Any country not bent on self-destruction had a duty to keep such people out of positions of influence, be that in government, press or show business. After all, American communists dedicated their lives to installing in America the same regime that made Beria possible in Russia. McCarthy certainly saw stopping this as his personal duty, and he has since been amply vindicated.

His speech was made three years before the atomic espionage ring was blown, and the Rosenbergs got the chair. The geopolitical damage of their activities was incalculable, for Stalin got the bomb several years earlier than he would have done otherwise.

Among other things, that enabled the Soviets to protect the budding regime of Mao’s butchers in China. It was by paralysing the will to resist the communist takeover of China that American communists did perhaps the greatest damage to the world. The subversive propaganda activities of Owen Lattimore (later Castro’s and Allende’s friend) and his Institute of Pacific Relations, one of many Soviet front organisations, have since been proven, but it was McCarthy who first made them public.

Joseph McCarthy was a crude and simple man who saw the world in largely binary terms. Some of his methods were ill-advised, and he relied too much on sensationalism and headline-making clamour. One suspects he would not have made an A-list guest at a Hampstead party. In any case, his drink was not Bollinger but a slug of bourbon. Too many slugs actually, which eventually killed him.
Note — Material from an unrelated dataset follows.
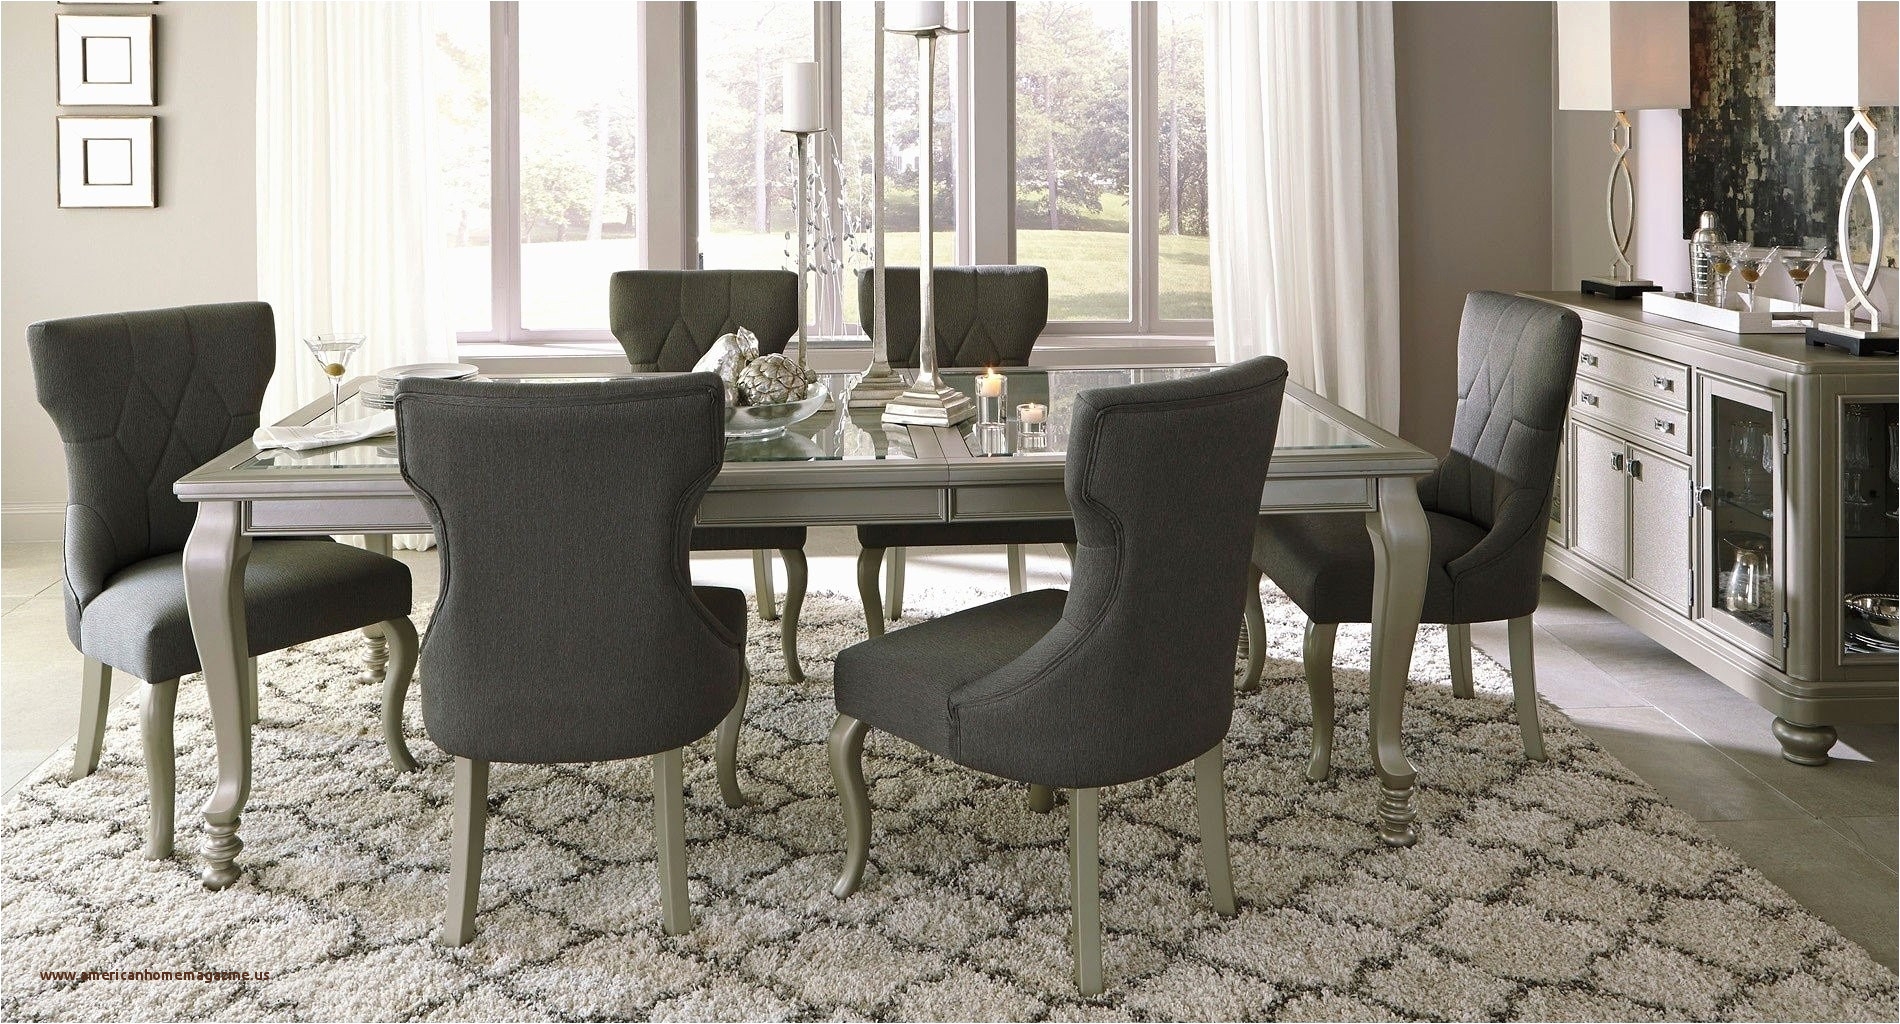 dining room sets dfw country dining room sets best of dining room furniture dallas of dining
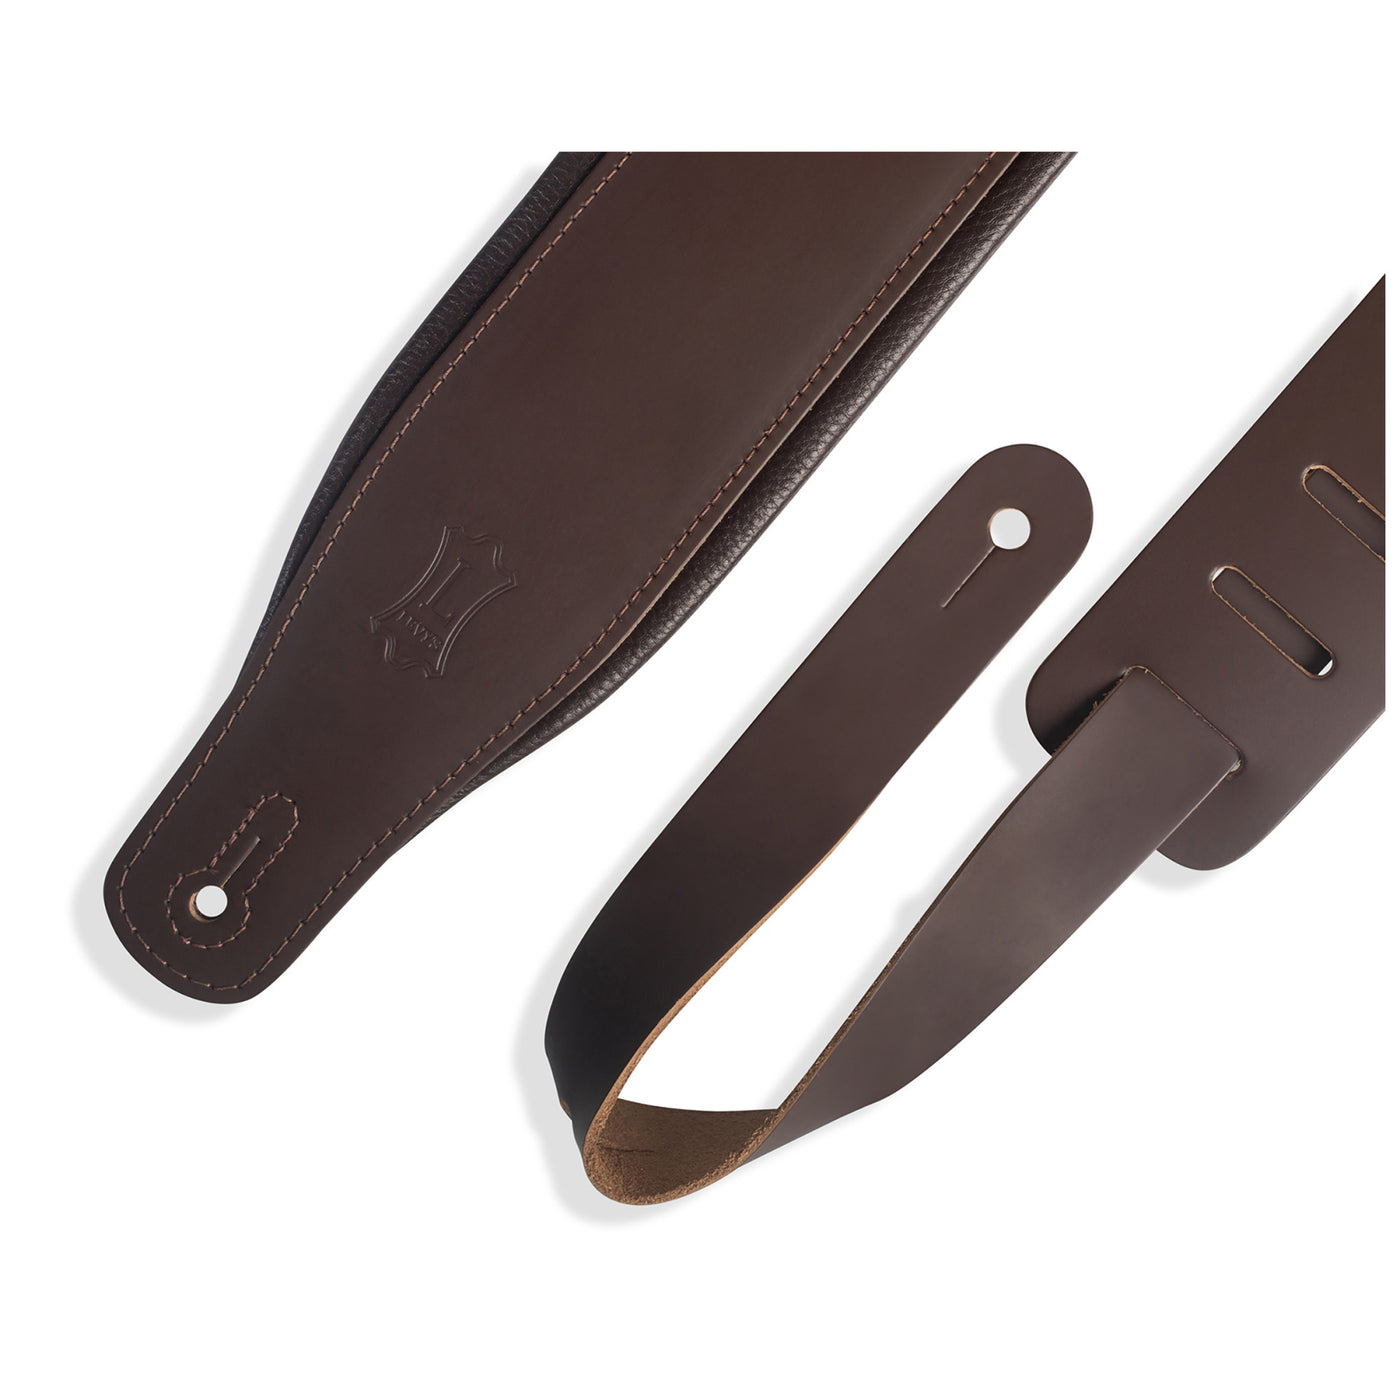 Levy's 3" Padded Leather Strap in Dark Brown with Dark Brown Backing

Not a nice chap any way you look at him, and his excessive ardour probably did as much harm as good to the cause of anti-communism. But the cause was just, and, though rather disagreeable, McCarthy certainly was not evil.

Mentioning him in the same breath as Beria and Goebbels betokens ignorance, moral relativism and general laziness of mind. AA Gill really ought to redirect his attention to fashionable eateries. He is good at that sort of thing.